101st Active Anurans
"Starship Croakers"

Most Ammunition Expended On Civilians 2015

go read A Ghost Story


Problem description: (Context: My roommate received her brother's old custom-built PC a while back. The computer itself was built 2013-2014ish, but we don't know specifics. Her brother is not immediately available with the details so we've had to look up for ourselves what it's built out of.) The problem itself: For years now, her computer hard locks under the load produced by most video games she plays (Warframe, Grand Theft Auto V, Overwatch) after anywhere from half an hour to two hours.
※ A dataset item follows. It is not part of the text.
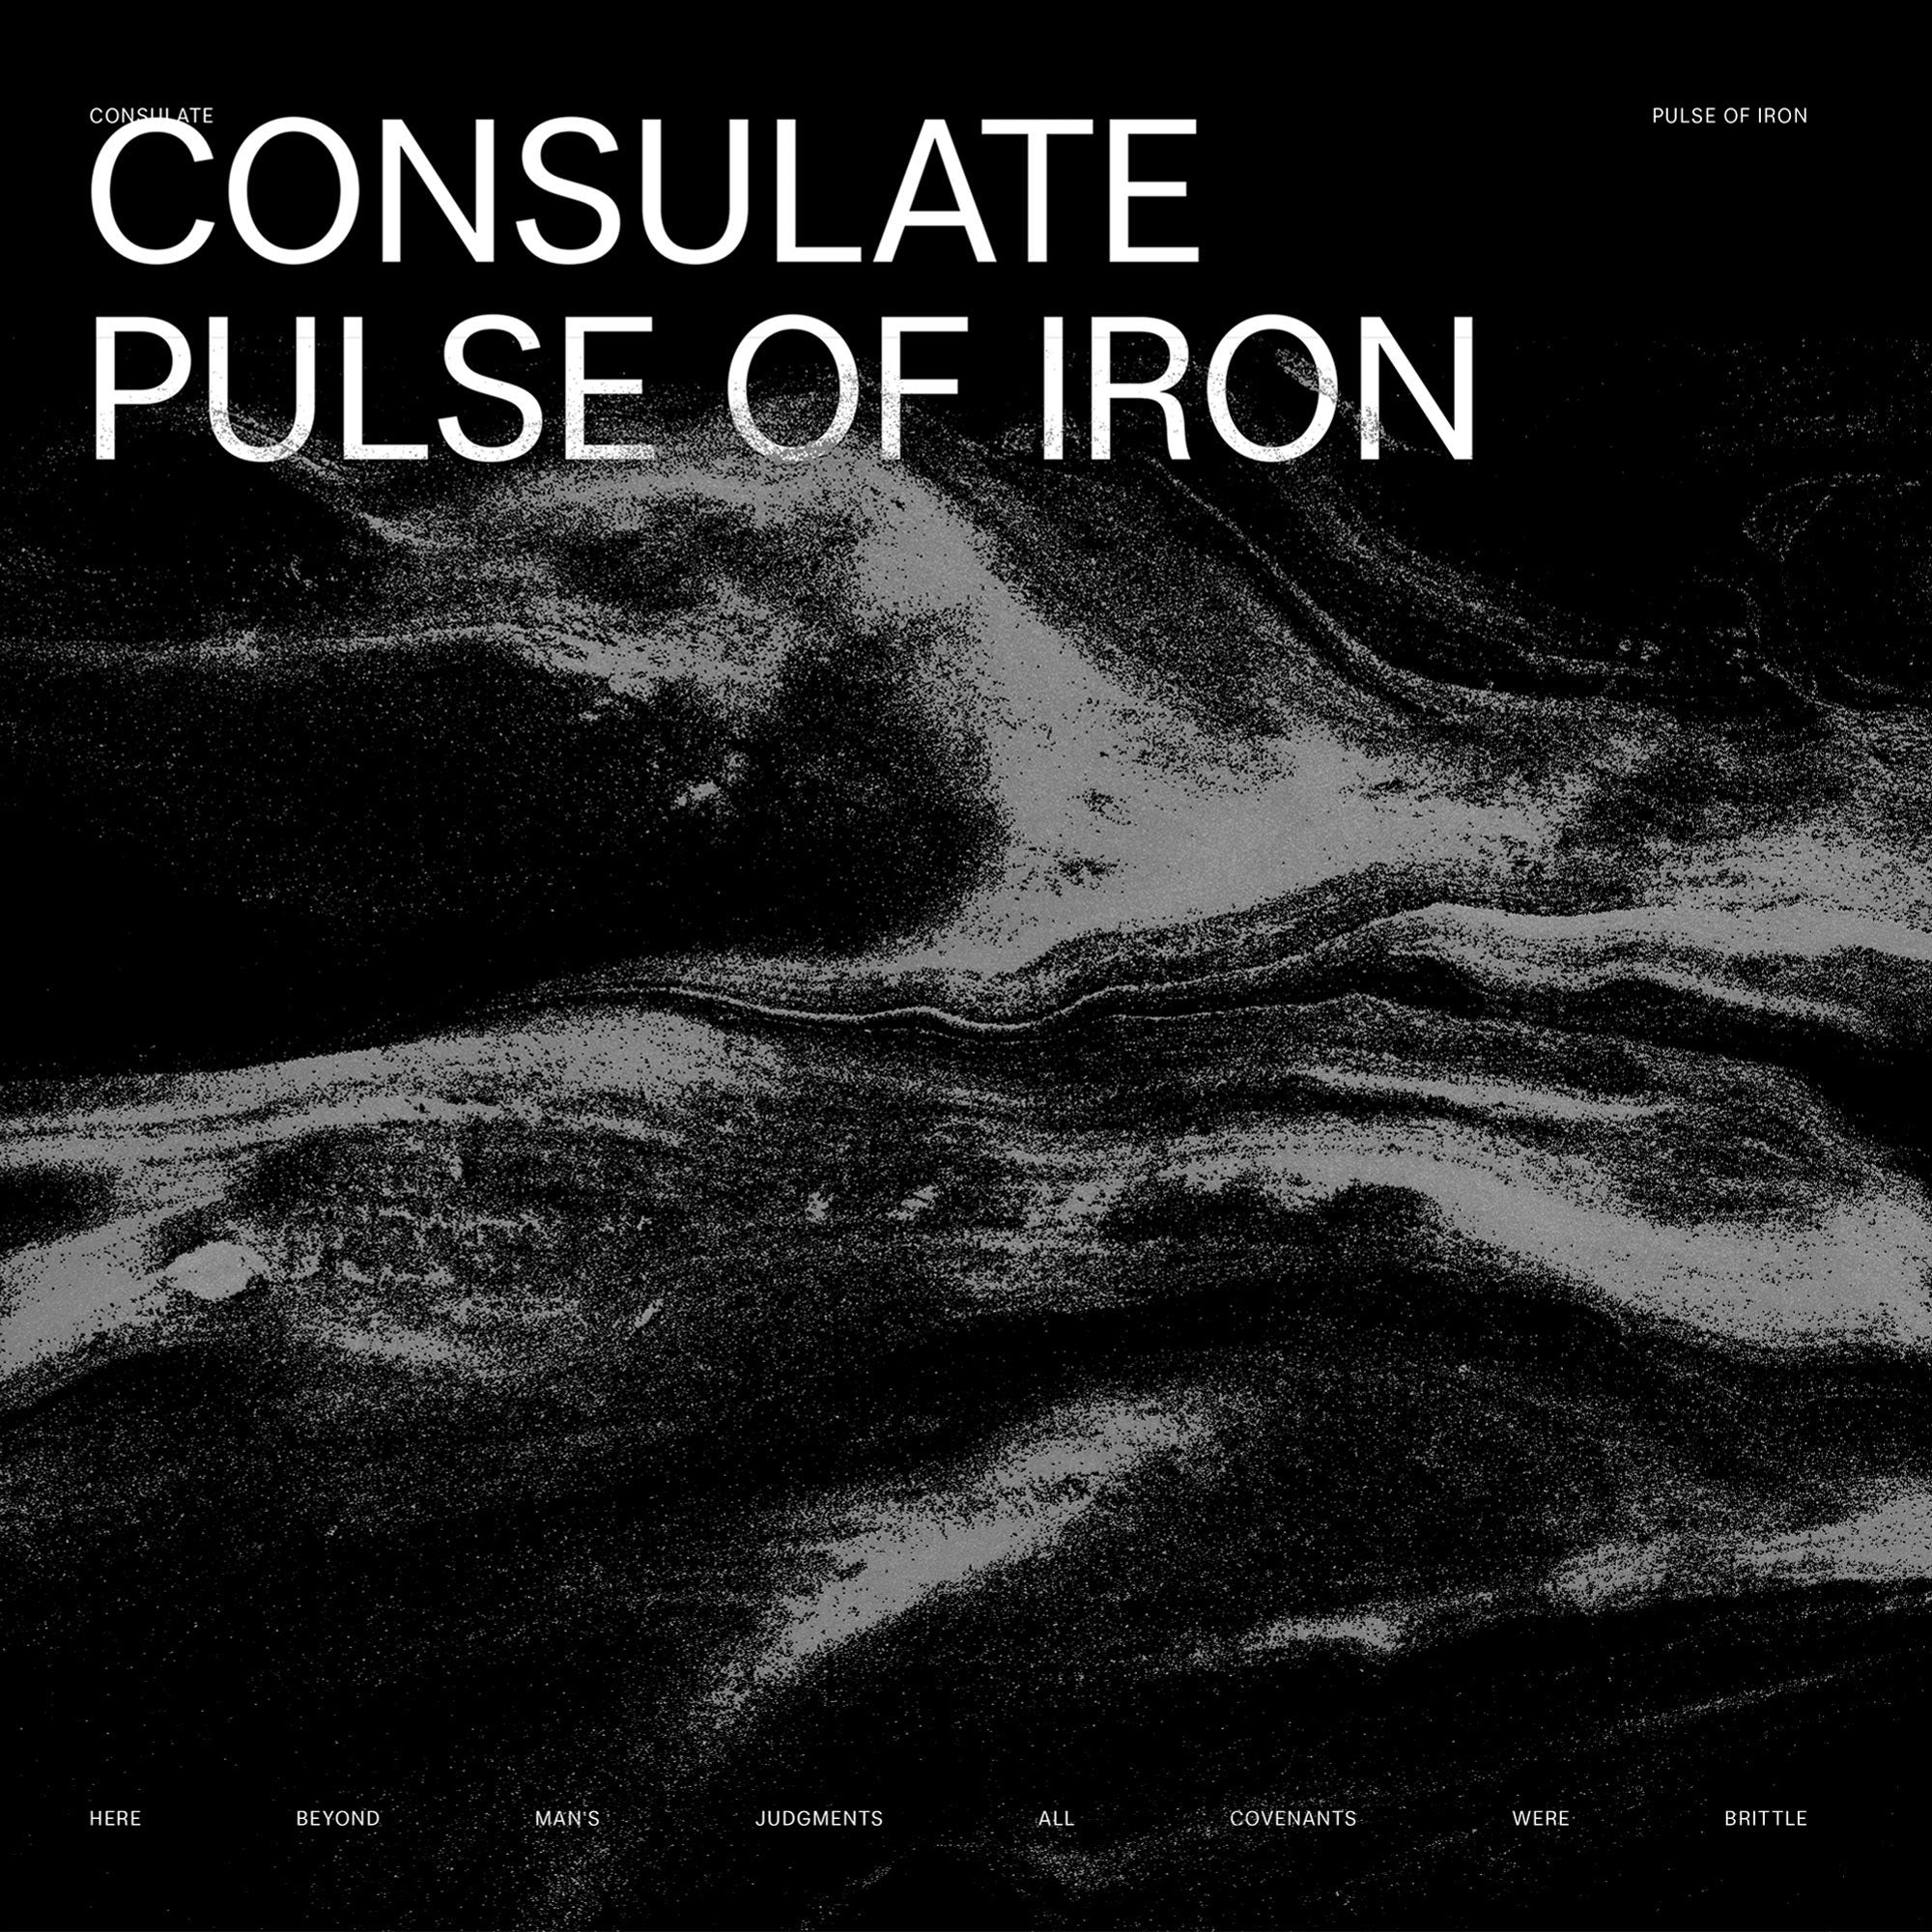 Consulate - The Pulse of Iron

The screen freezes and the audio loops whatever sound it was last emitting, which usually means emitting a very high pitched or otherwise unpleasant buzzing.

Attempted fixes: We thought it might be the graphics card or drivers, but updating and later reinstalling the drivers did nothing. She bought a new graphics card (upgraded from Nvidia 660 to Nvidia GTX 1060) but that has not solved the problem.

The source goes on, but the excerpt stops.